• What you should do:
Copy the data exactly. Images are the one exception.

• Given information:
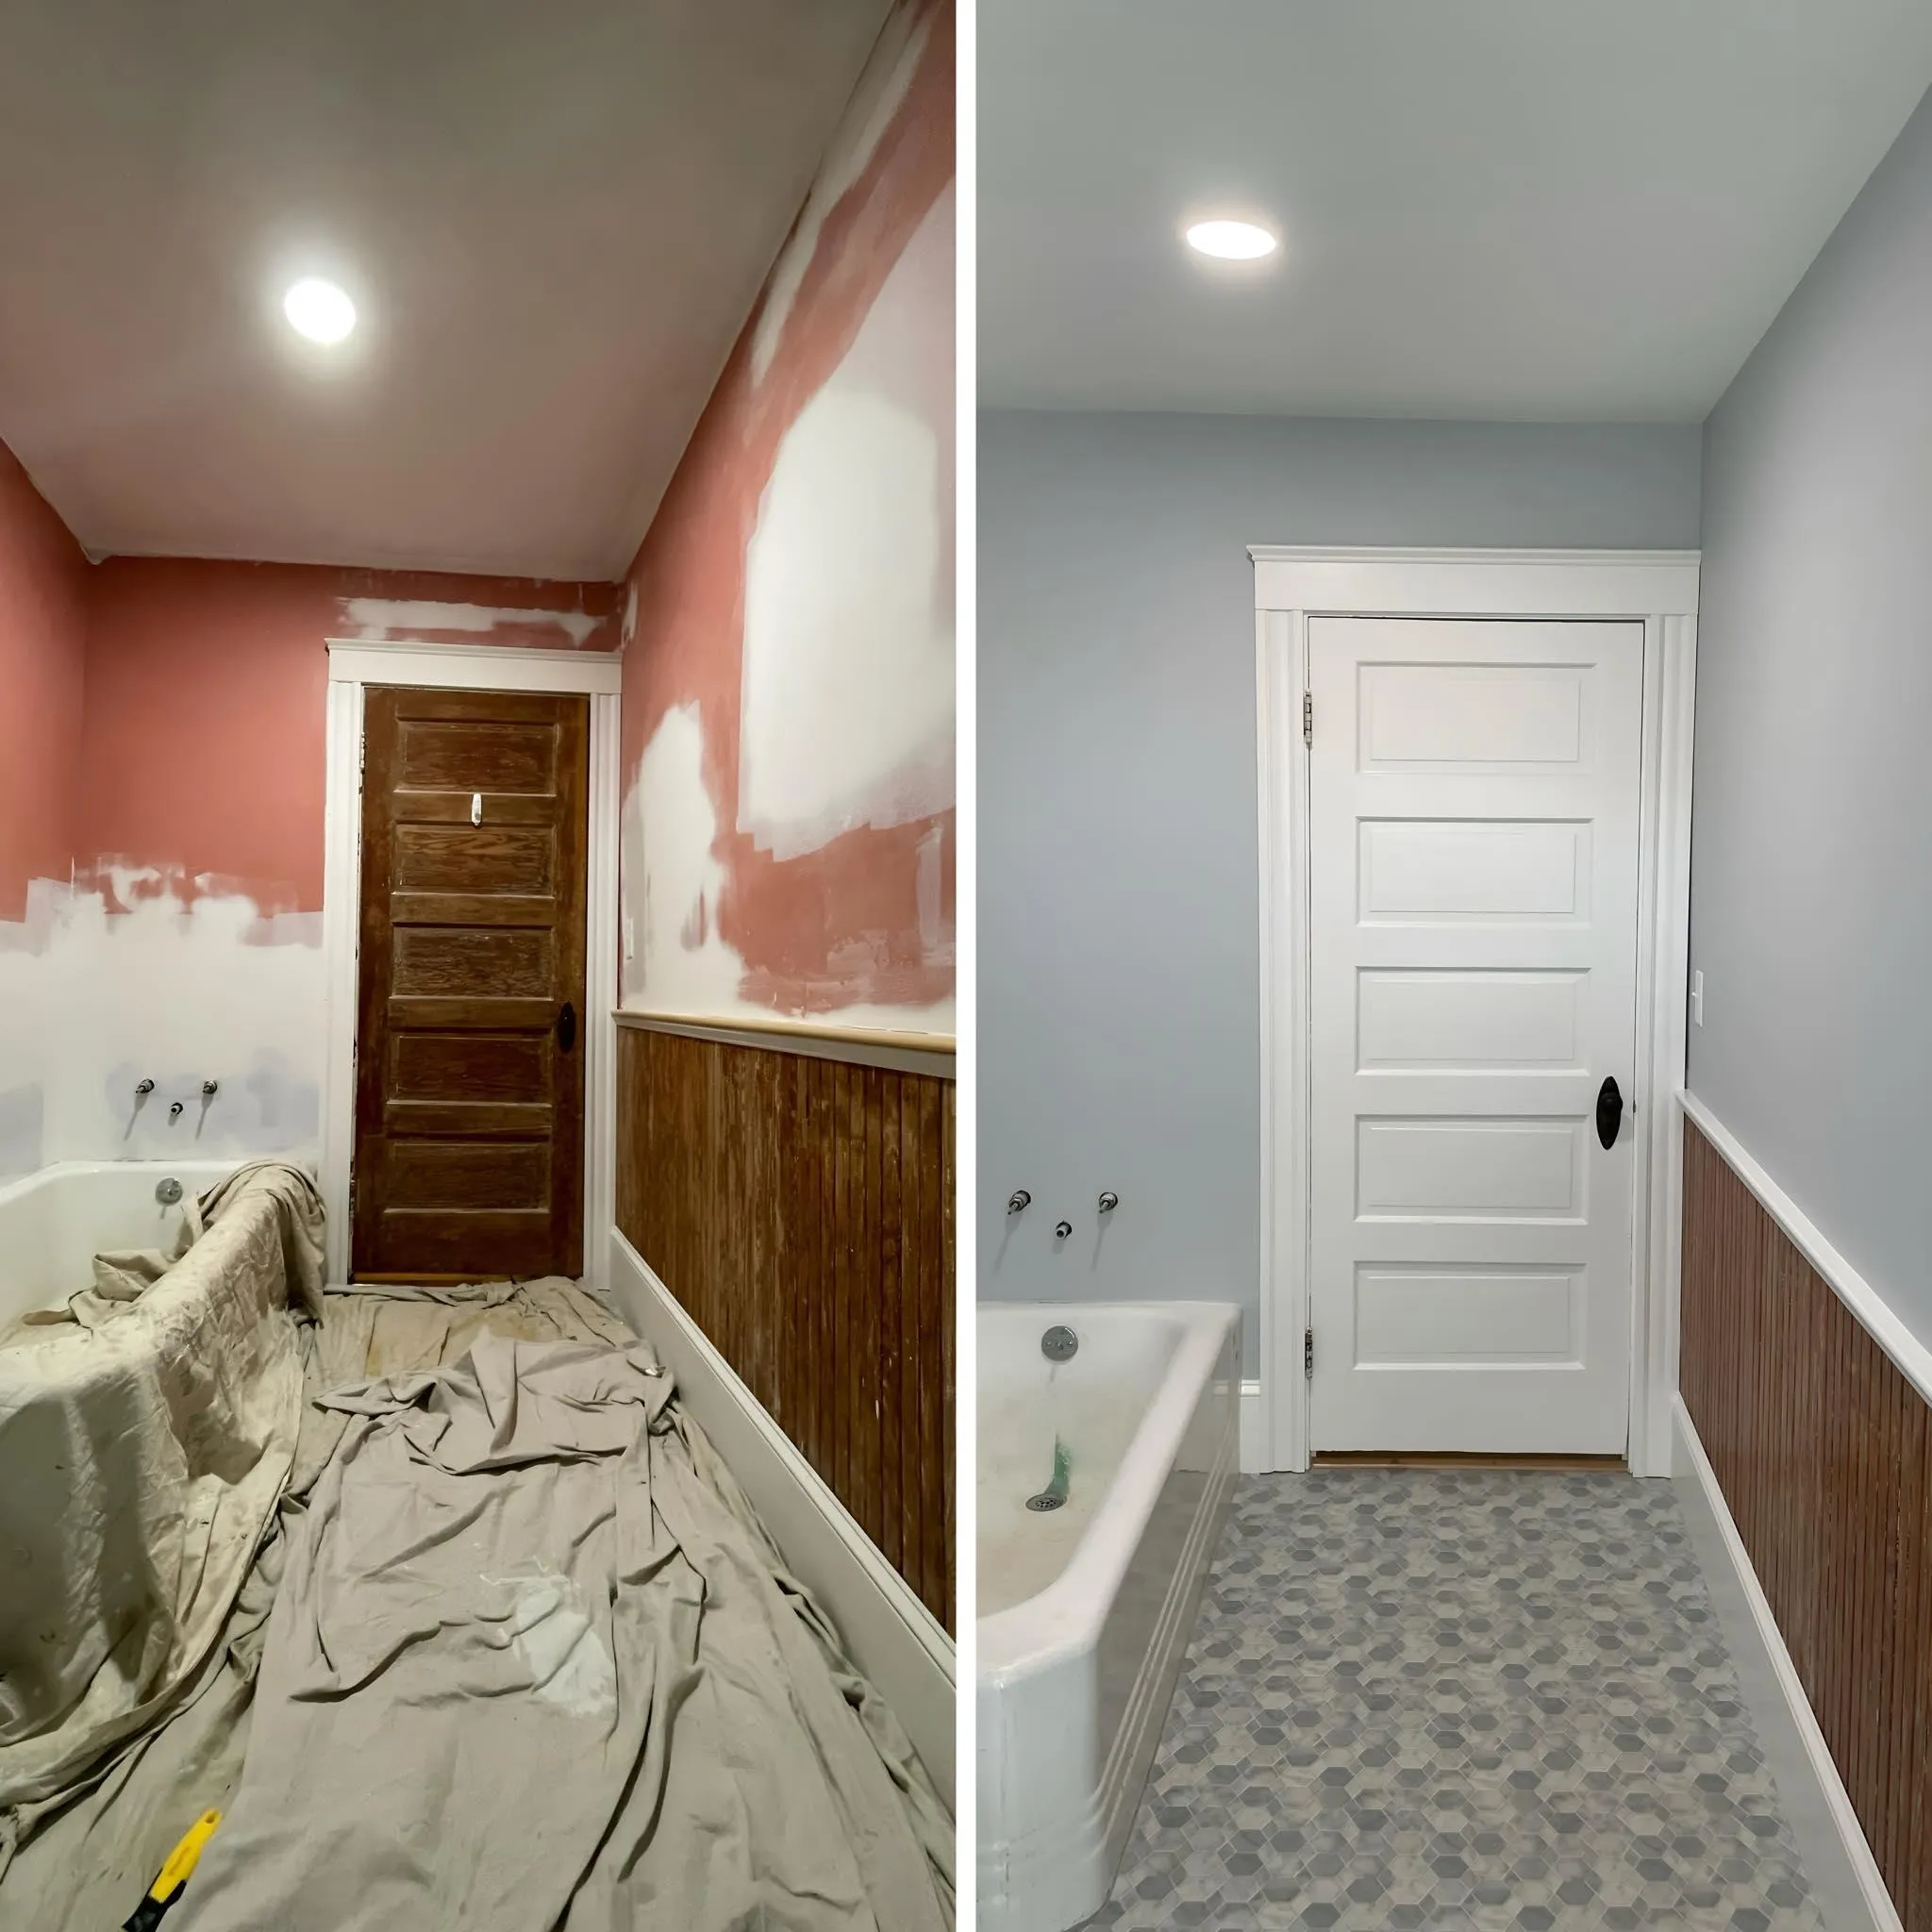 Interior Painting for Infinite Painting LLC in Londonderry, New Hampshire
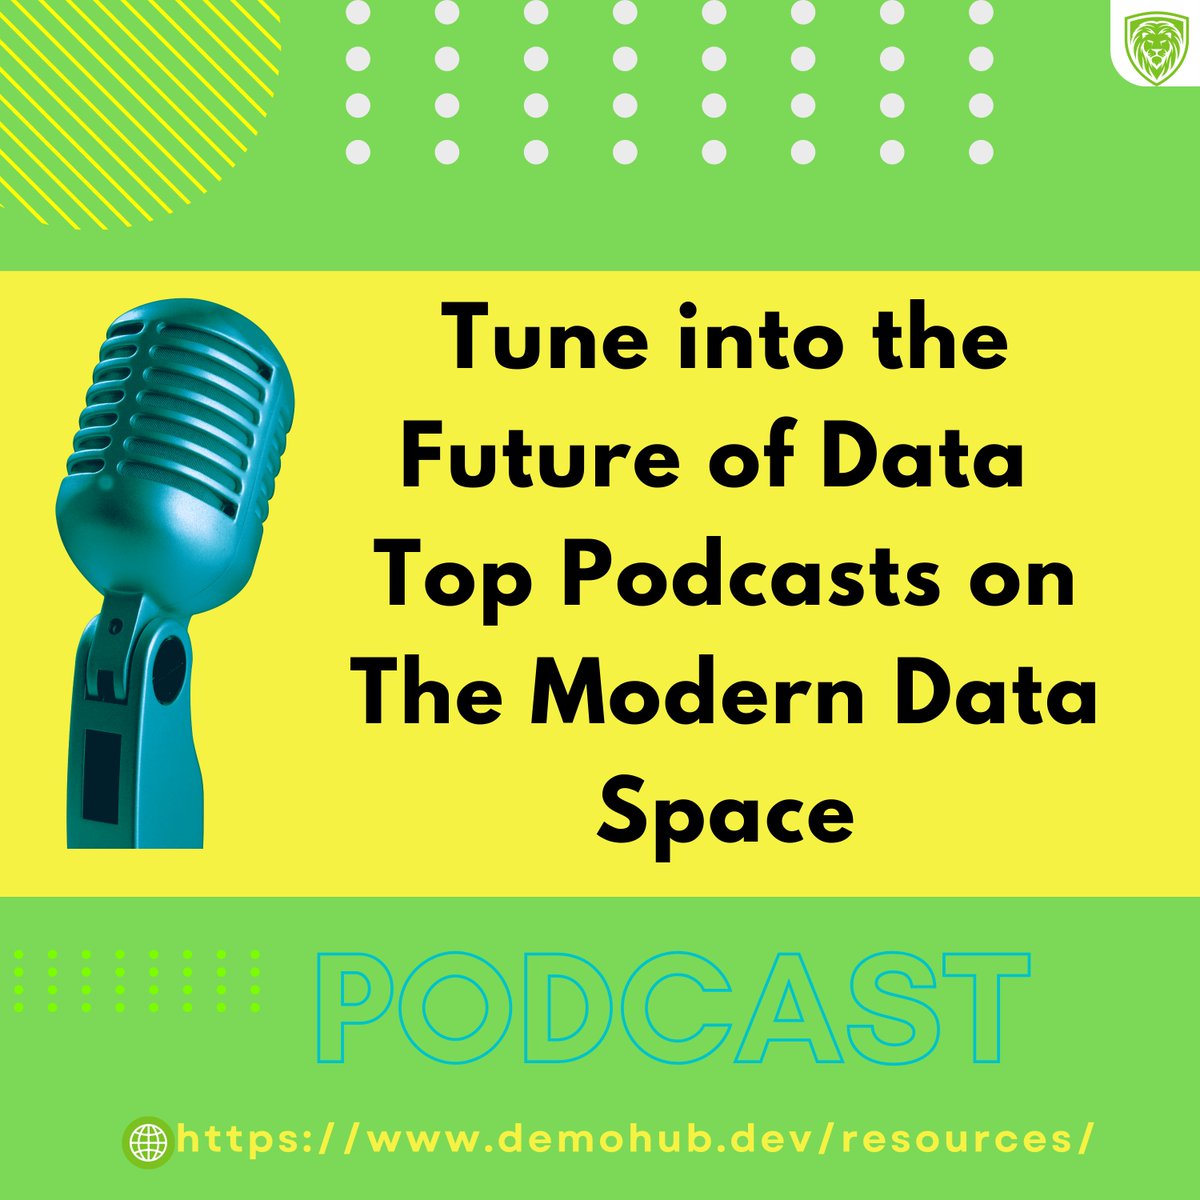 🎙️Tune into the Future of Data: Top Podcasts on The Modern Data Space
demohub.dev/podcast/

 #FutureOfData #DataPodcasts #DemoHub #ModernDataSpace #DataTrends #DataInsights #DataAnalytics #AIinData #StayAheadOfTheGame

• Expected output:
 Interior Painting for Infinite Painting LLC in Londonderry, New Hampshire
 🎙️Tune into the Future of Data: Top Podcasts on The Modern Data Space
demohub.dev/podcast/

 #FutureOfData #DataPodcasts #DemoHub #ModernDataSpace #DataTrends #DataInsights #DataAnalytics #AIinData #StayAheadOfTheGame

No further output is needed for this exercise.